Task directions: An exact transcript is required of the lines below, from the one containing "Mature manager and" through the very last; leave every picture out of it.

Data below:
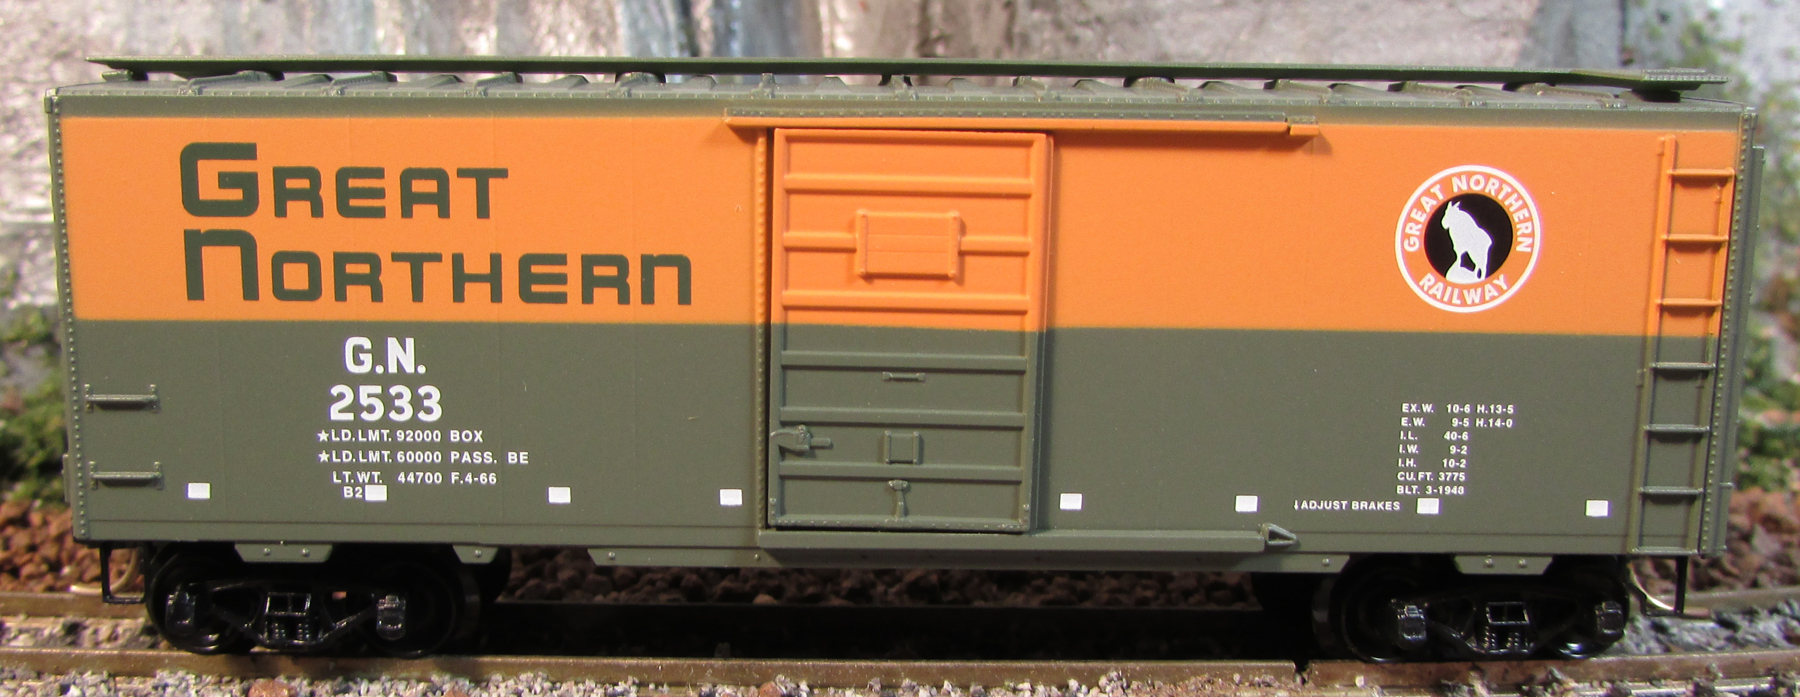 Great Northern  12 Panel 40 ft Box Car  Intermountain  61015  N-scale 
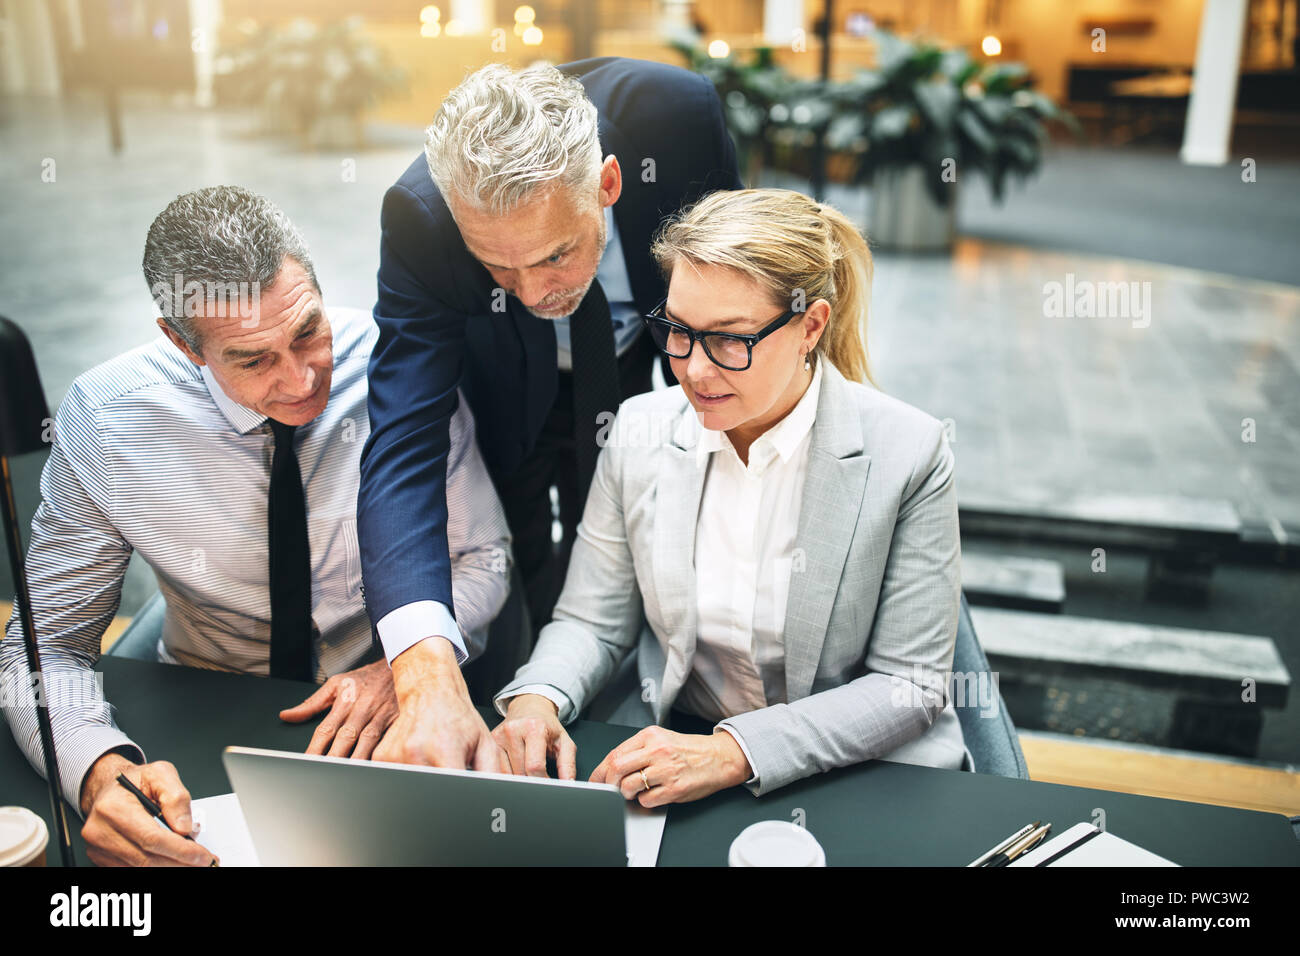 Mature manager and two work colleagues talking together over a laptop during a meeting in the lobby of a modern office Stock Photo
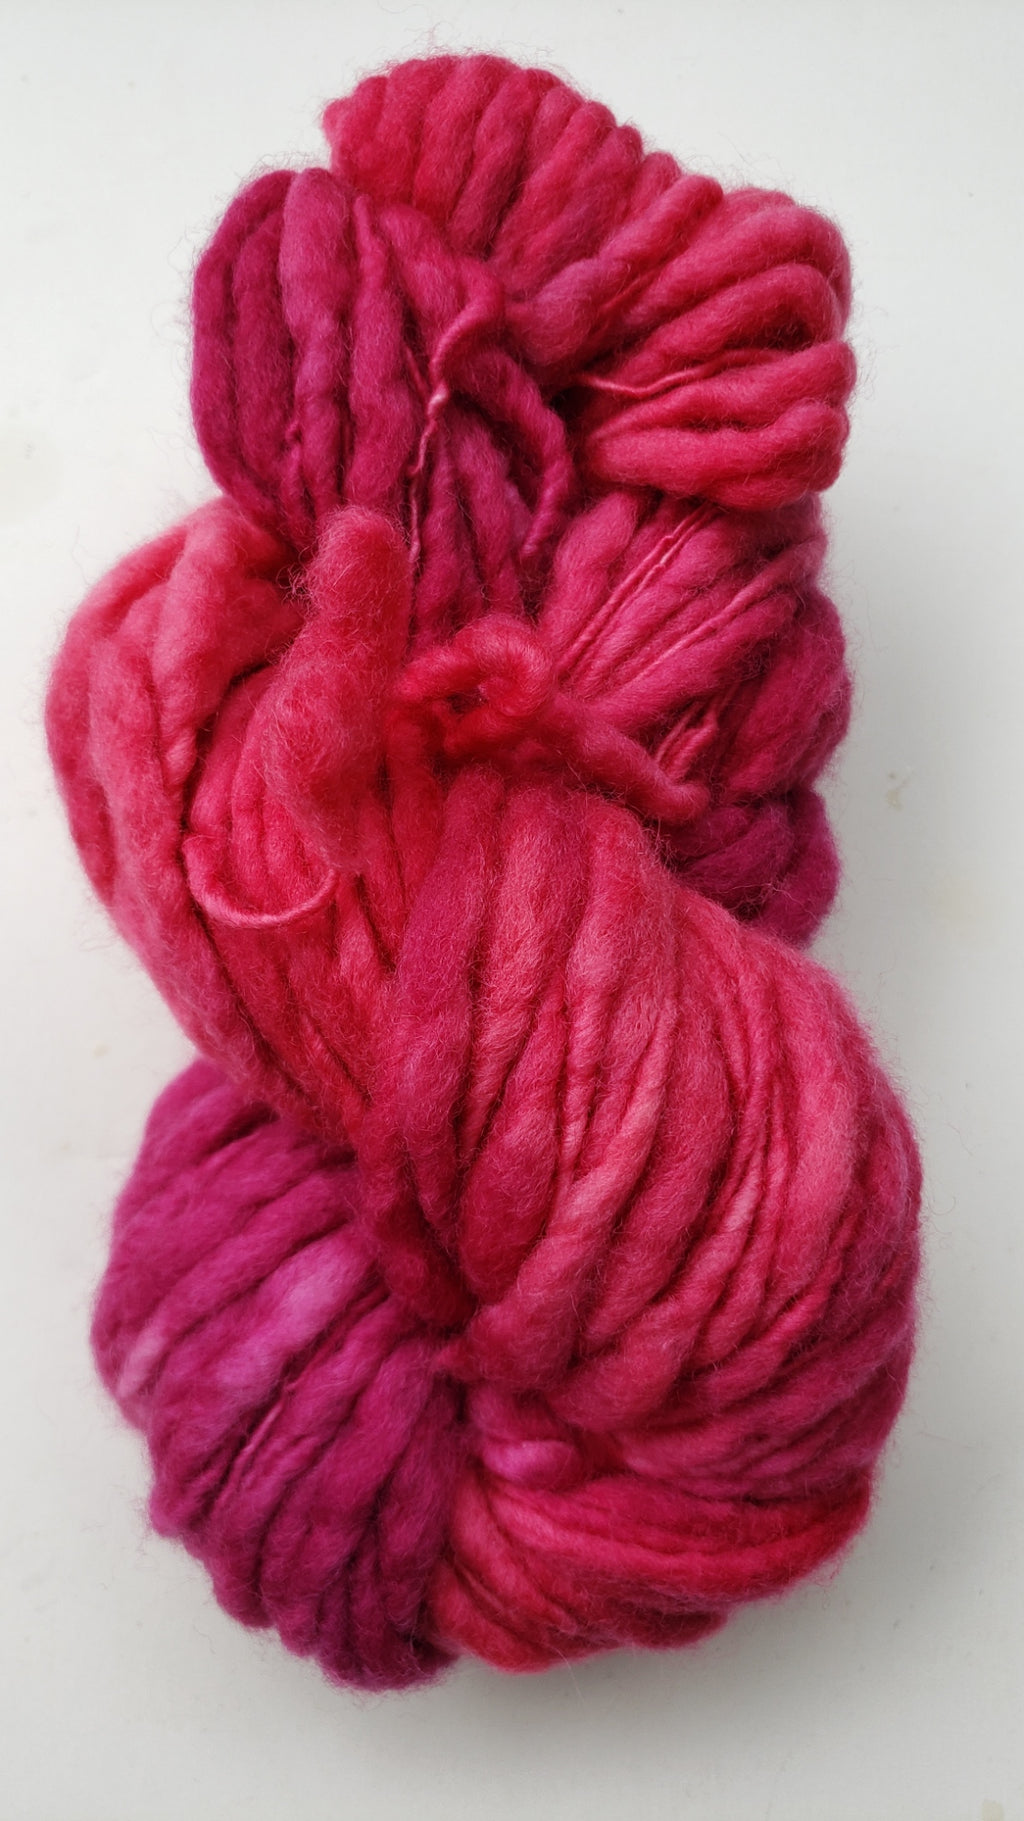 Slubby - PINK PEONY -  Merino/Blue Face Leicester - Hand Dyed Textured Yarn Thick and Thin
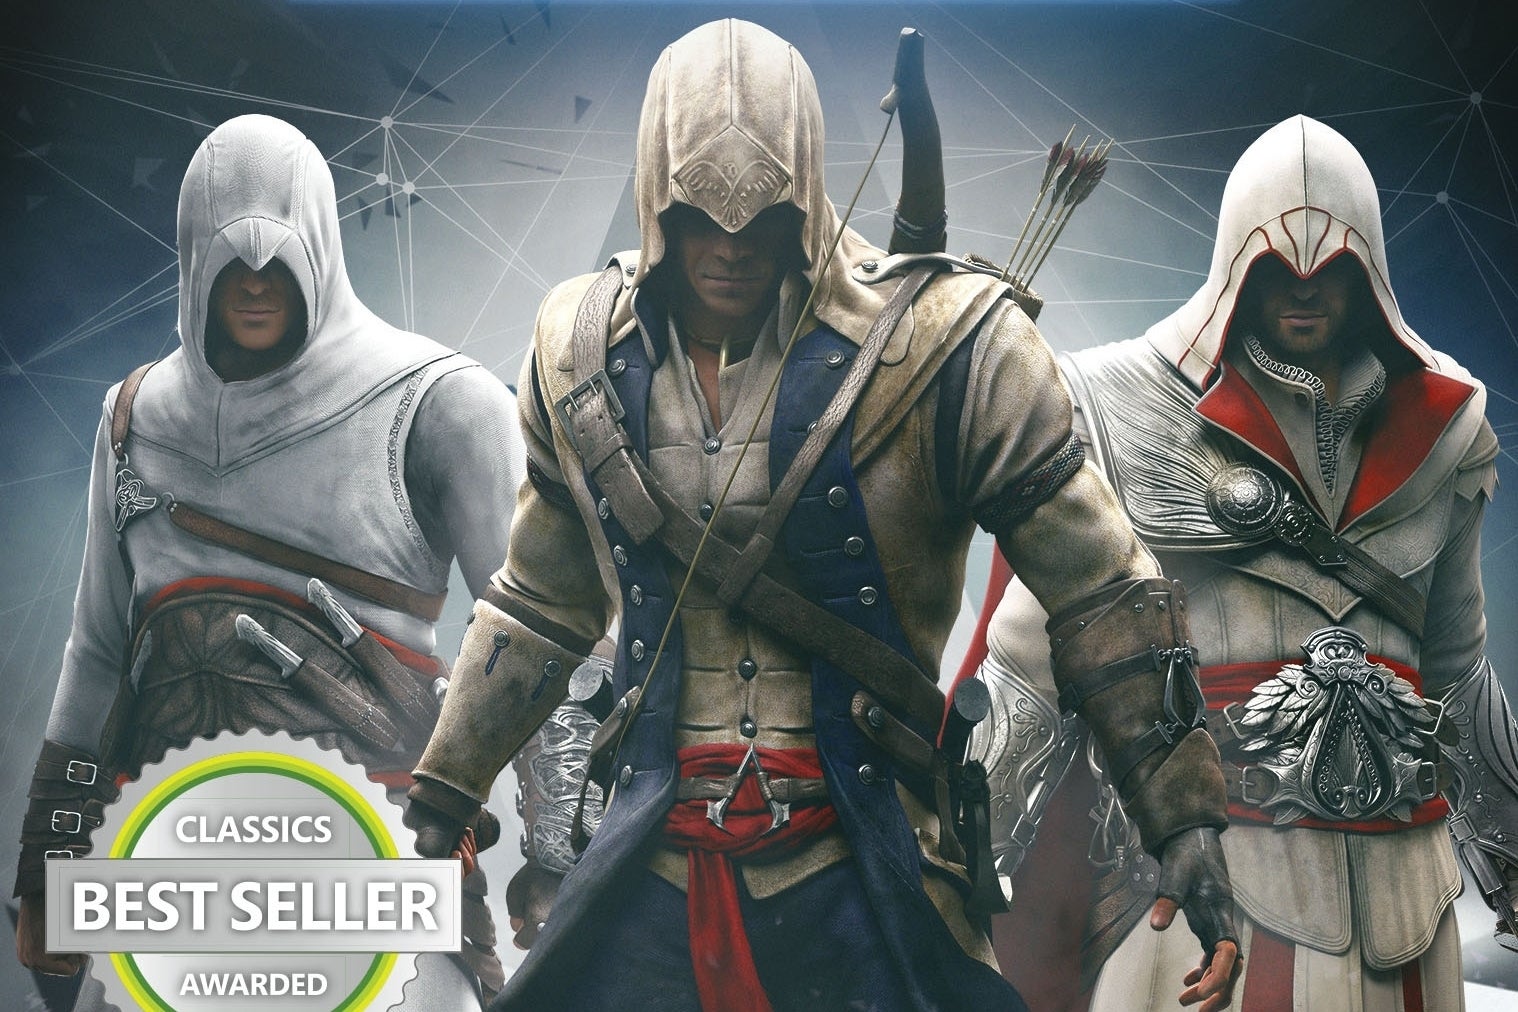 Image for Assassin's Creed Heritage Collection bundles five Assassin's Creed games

Written response:
 Mature manager and two work colleagues talking together over a laptop during a meeting in the lobby of a modern office Stock Photo
 Slubby - PINK PEONY -  Merino/Blue Face Leicester - Hand Dyed Textured Yarn Thick and Thin
 Image for Assassin's Creed Heritage Collection bundles five Assassin's Creed games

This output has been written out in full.